THE PROBLEM → Return all of the data verbatim, dropping any picture.

DATA SECTION →
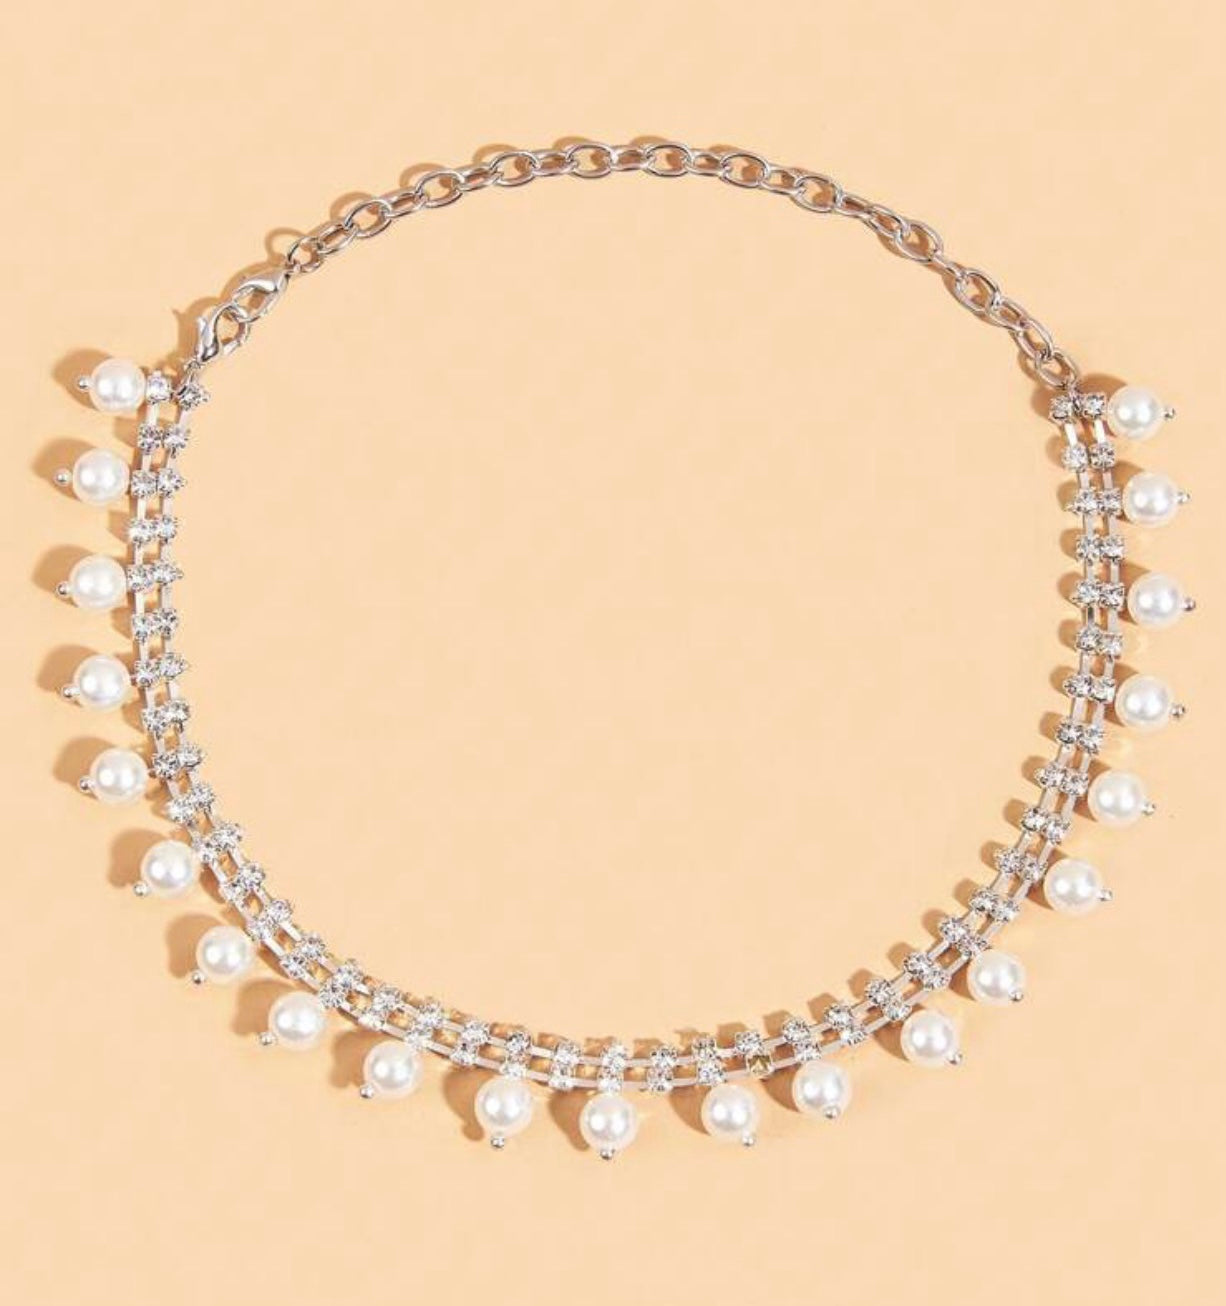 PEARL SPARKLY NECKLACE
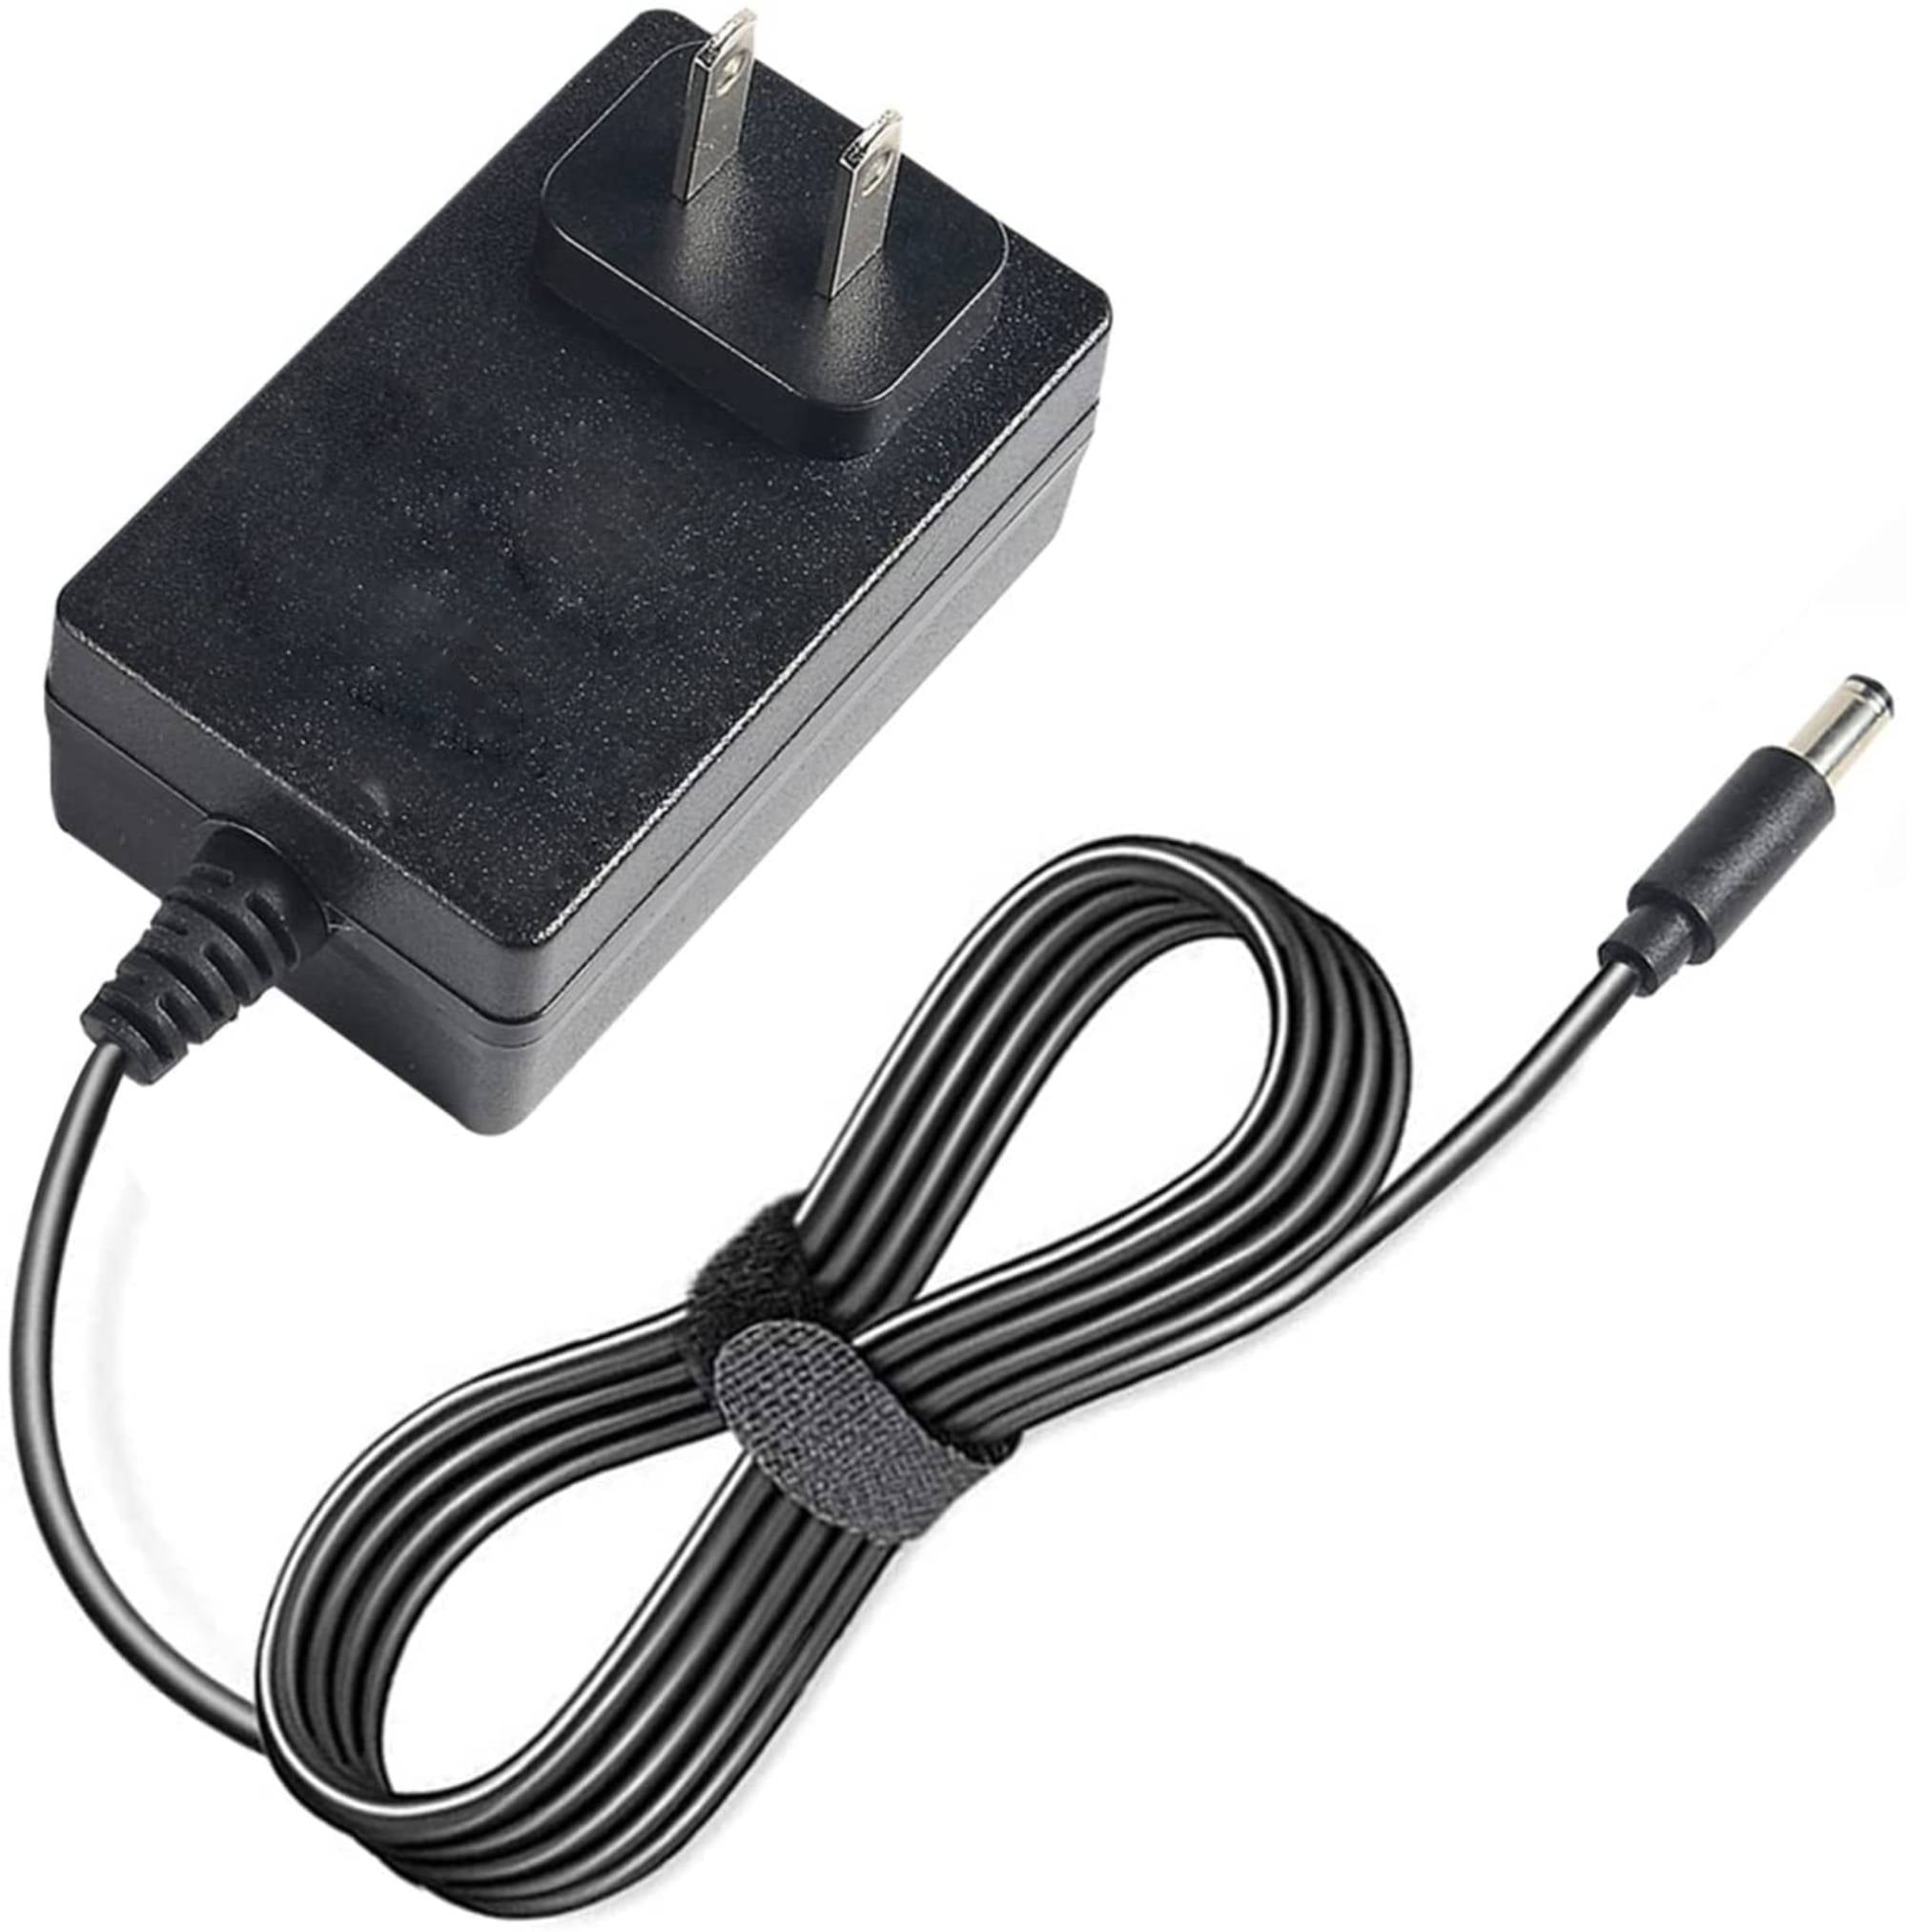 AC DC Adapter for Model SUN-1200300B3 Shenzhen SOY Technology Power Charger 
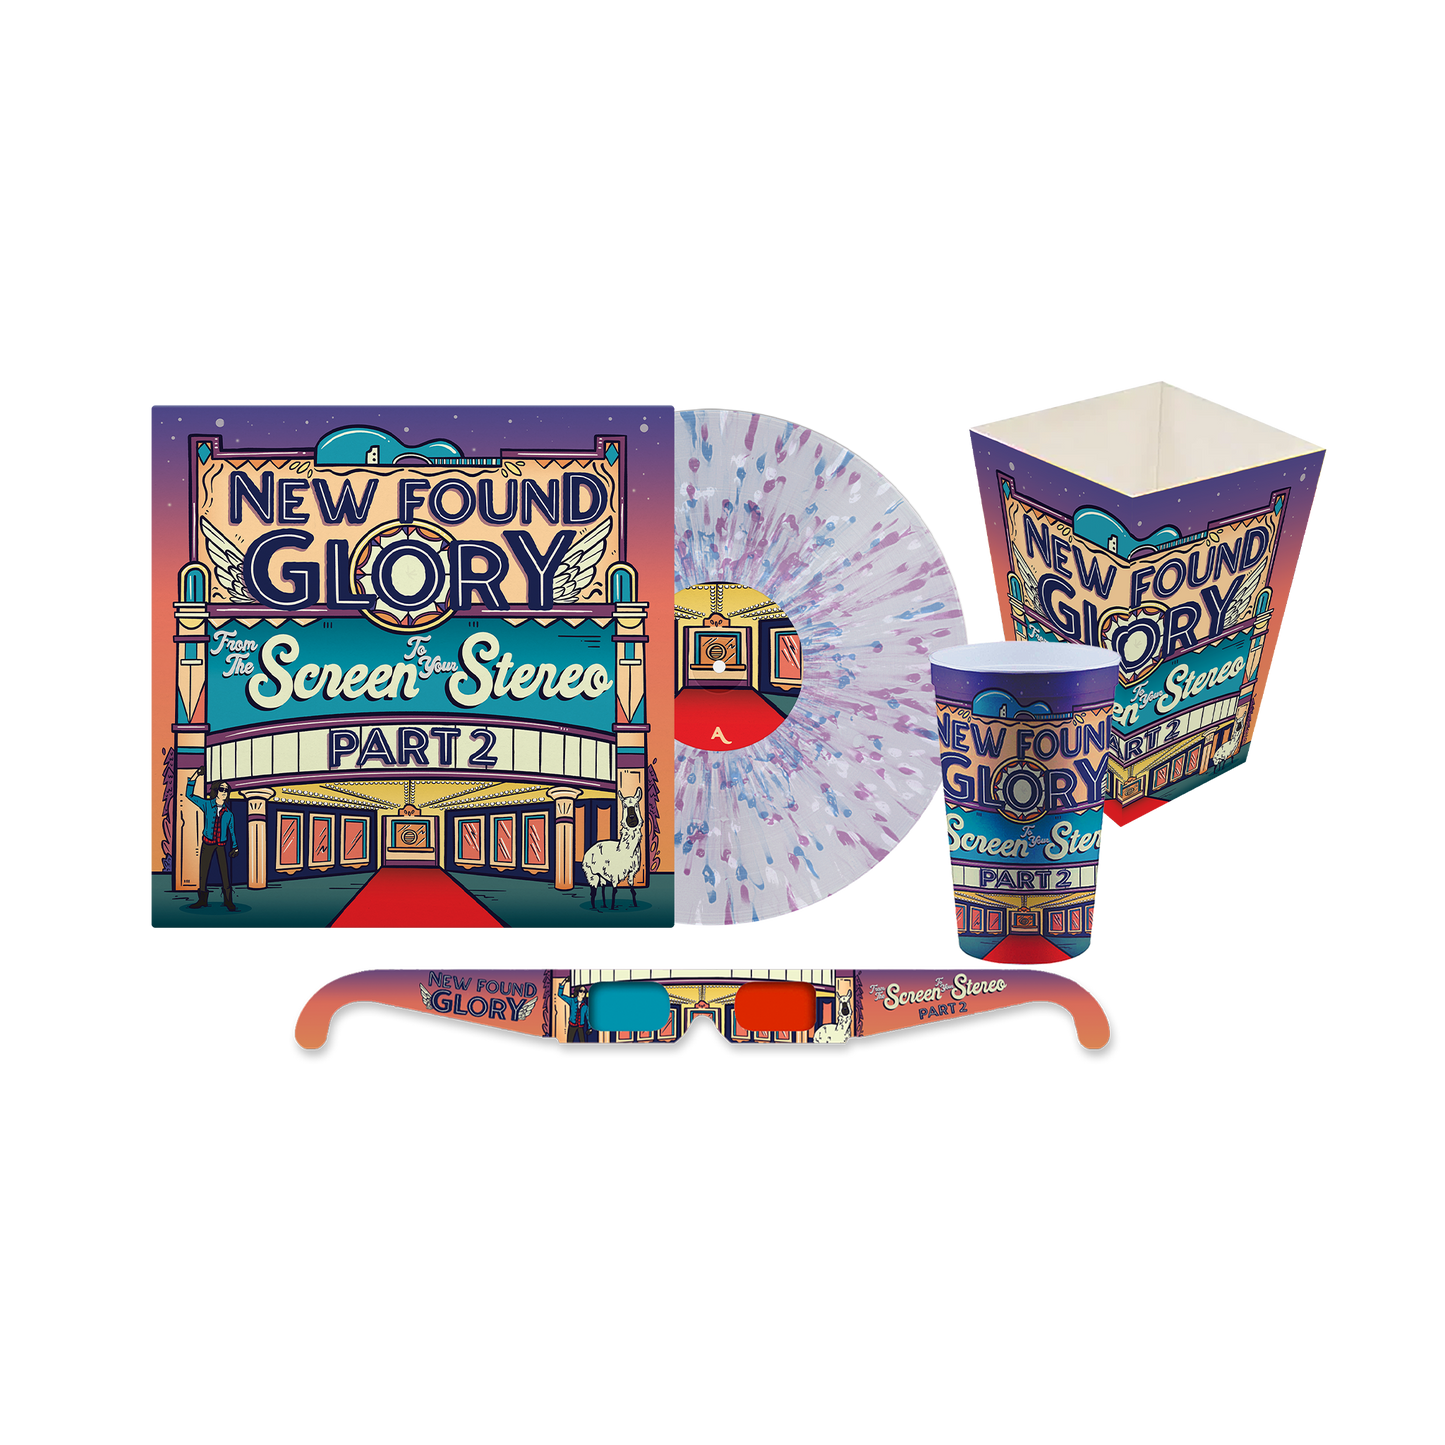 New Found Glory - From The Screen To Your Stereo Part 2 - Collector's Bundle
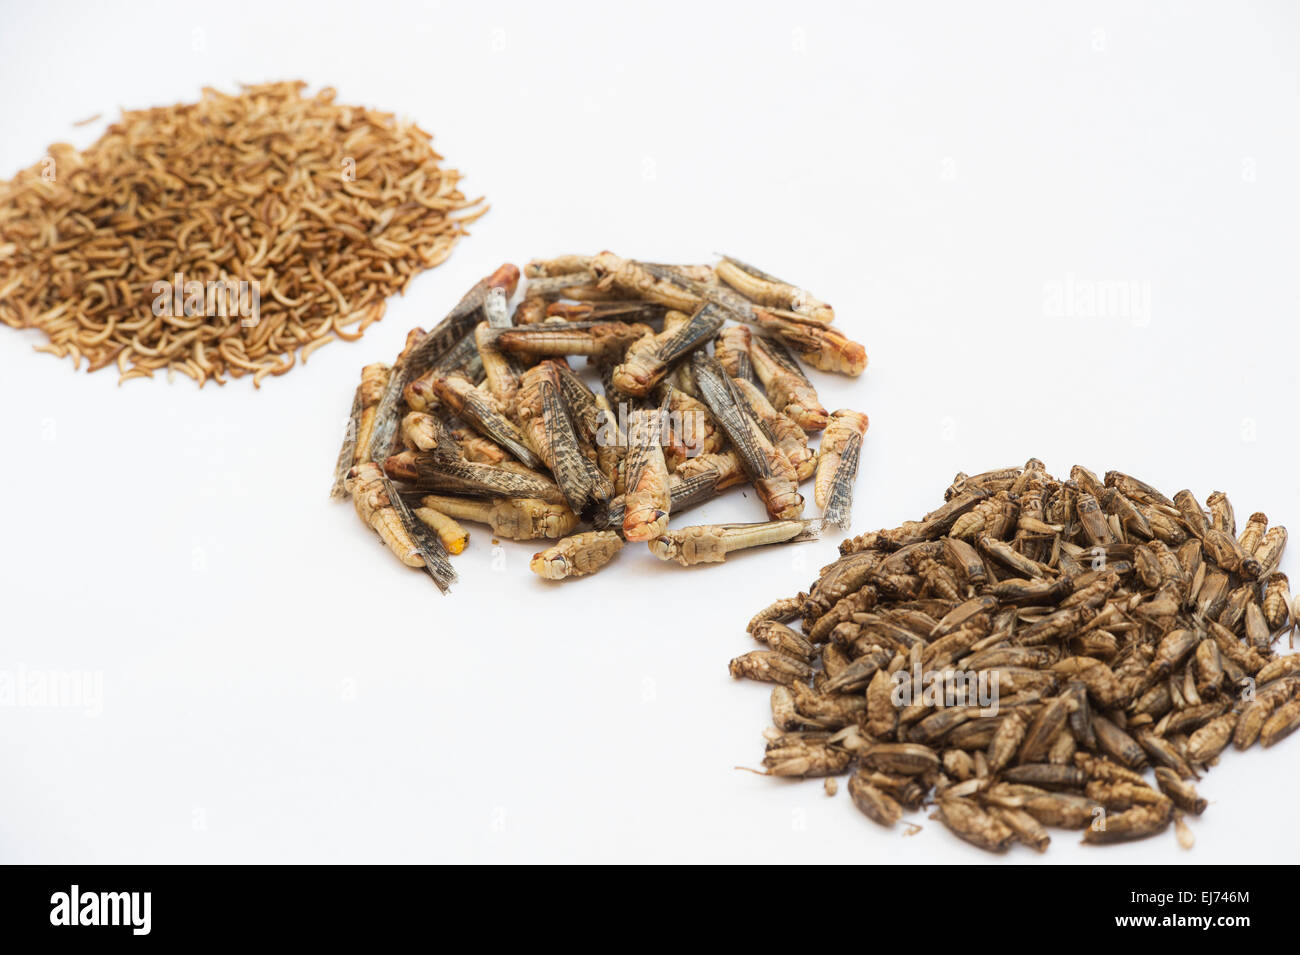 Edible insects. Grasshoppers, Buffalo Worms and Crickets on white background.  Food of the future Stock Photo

WRITTEN ANSWER →
 PEARL SPARKLY NECKLACE
 AC DC Adapter for Model SUN-1200300B3 Shenzhen SOY Technology Power Charger 
 New Found Glory - From The Screen To Your Stereo Part 2 - Collector's Bundle
 Edible insects. Grasshoppers, Buffalo Worms and Crickets on white background.  Food of the future Stock Photo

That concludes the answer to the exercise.